Here's what I tried:
a<-do.call("rbind", by(Data, Data$Order_Year, function(x) x[which.max(x$Yen), ]))
rownames(a)<-NULL
a$Yen<-NULL
a$Units<-NULL
#a has Ship_Year for which Yen is max for a given Order_Year
names(a)[2]<-"by.Yen"
#Now I'd find max year by units
b<-do.call("rbind", by(Data, Data$Order_Year, function(x) x[which.max(x$Units), ]))
rownames(b)<-NULL
b$Yen<-NULL
b$Units<-NULL
#b has Ship_Year for which Units is max for a given Order_Year
names(b)[2]<-"by.Qty"
c<-a %>% left_join(b)
The expected output is:
c
Order_Year by.Yen by.Qty
1 1999 NA NA
2 2000 1997 1997
3 2001 1998 1998
4 2002 1997 1997
While I got the expected output, the method above is very clunky. Is there a better way to handle this?
Upvotes: 2
Views: 1323
Reputation: 12723
using Base R
a1 <- with(df1,
by(data = df1,
INDICES = Order_Year,
FUN = function(x) list(Yen = x$Ship_Year[which.max(x$Yen)],
Units = x$Ship_Year[which.max(x$Units)])))

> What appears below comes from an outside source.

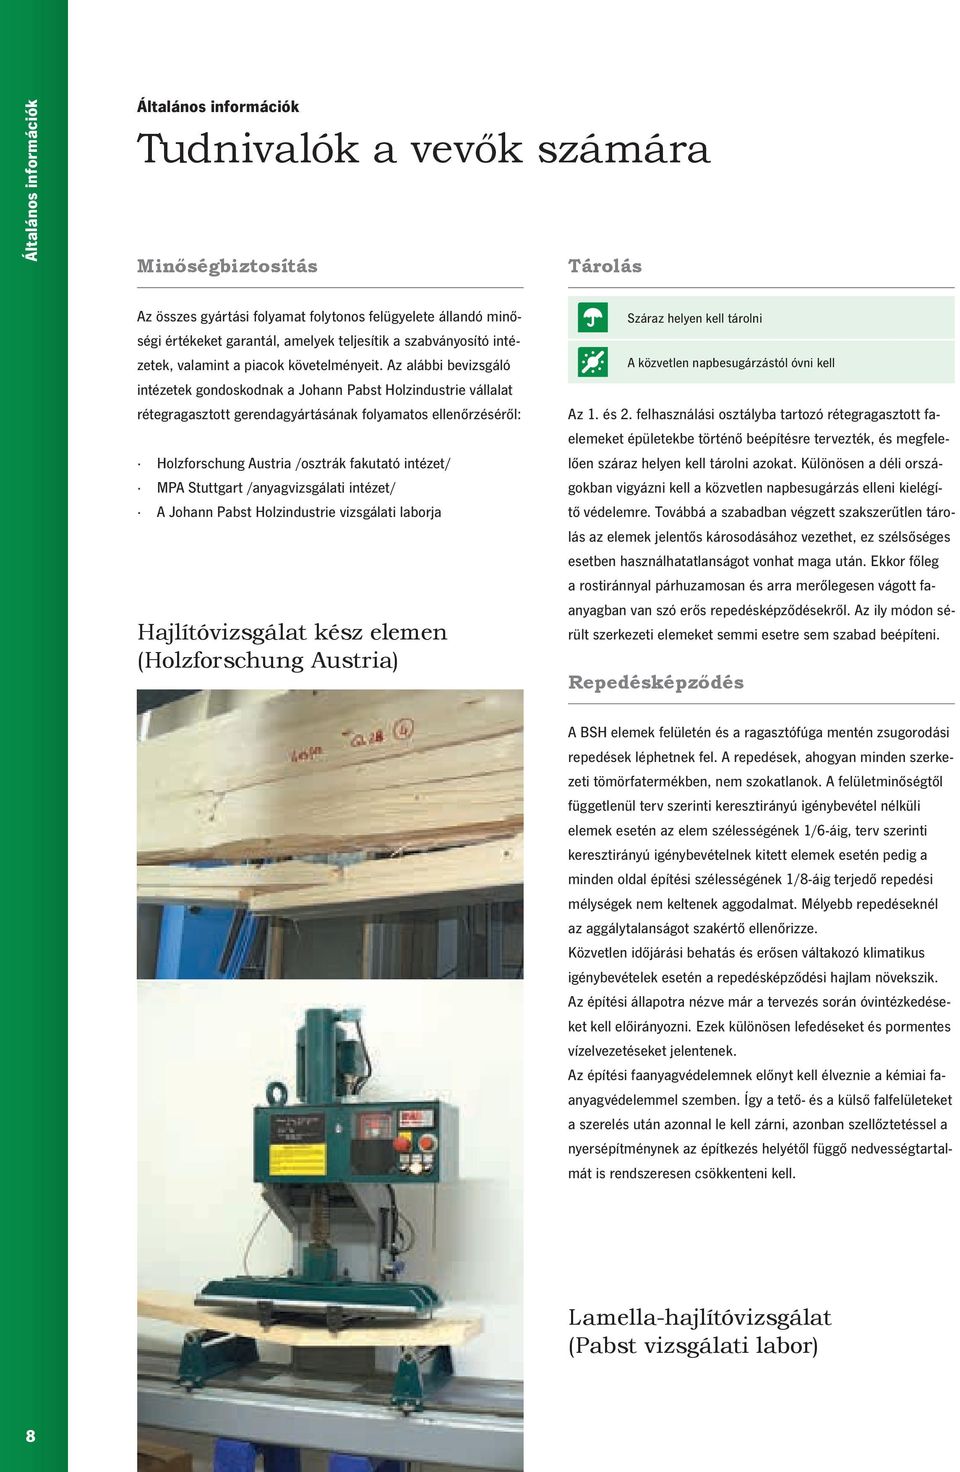 Az alábbi bevizsgáló intézetek gondoskodnak a Johann Pabst Holzindustrie vállalat rétegragasztott gerendagyártásának folyamatos ellenőrzéséről: Holzforschung Austria /osztrák fakutató intézet/ MPA
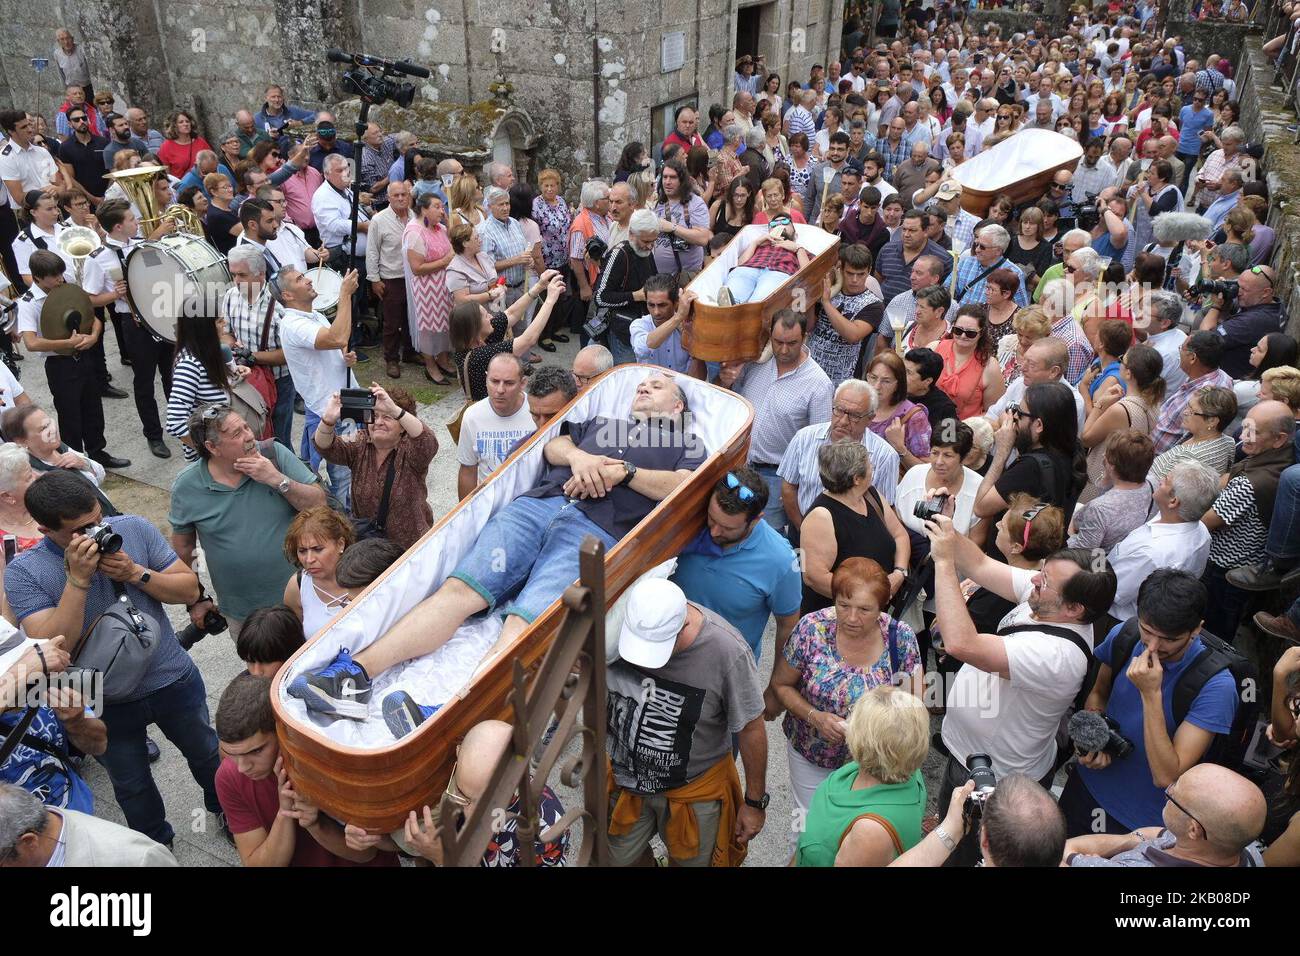 Les gens prennent part à , la procession des cercueils, le jour de Santa Marta, en Galice, au nord de l'Espagne, sur 29 juillet 2018. Trois personnes ont laissé à l'intérieur des cercueils et six boîtes vides offertes à la Vierge par autant de pénitents. La première nouvelle de ce pèlerinage est de 1700, mais le curé assure qu'il remonte à l'âge moyen. Depuis, cette région d'AS Neves célèbre une tradition qui attire des milliers de pèlerins (photo d'Alvaro Fuente/NurPhoto) Banque D'Images

do.call("rbind", lapply(a1, function(x) data.frame(x)))
# Yen Units
# 1999 NA NA
# 2000 1997 1997
# 2001 1998 1998
# 2002 1997 1997
Data:
df1 <- structure(list(Order_Year = c(1999, 1999, 1999, 1999, 1999, 1999, 1999,
2000, 2000, 2001, 2001, 2001, 2001, 2001,
2001, 2001, 2002, 2002, 2002, 2002),
Ship_Year = c(1997, 1998, 1999, 2000, 2001, 2002, NA,
1997, NA, 1997, 1998, 1999, 2000, 2001,
2002, NA, 1997, 1998, 1999, 2000),
Yen = c(202598.2, 0, 0, 0, 0, 0, 2365901.62, 627206.75998,
531087.43, 122167.02, 143855.55, 0, 0, 0, 0,
53650.389998, 17708416.3198, 98196.4, 31389, 0),
Units = c(37, 1, 8, 5, 8, 8, 730, 99, 91, 195, 259, 4,
1, 3, 3, 53, 3844, 142, 63, 27)),
.Names = c("Order_Year", "Ship_Year", "Yen", "Units"),
row.names = c(NA, 20L),
class = "data.frame")
Upvotes: 3
Reputation: 887511
We can use data.table
. Convert the 'data.frame' to 'data.table' (setDT(Data)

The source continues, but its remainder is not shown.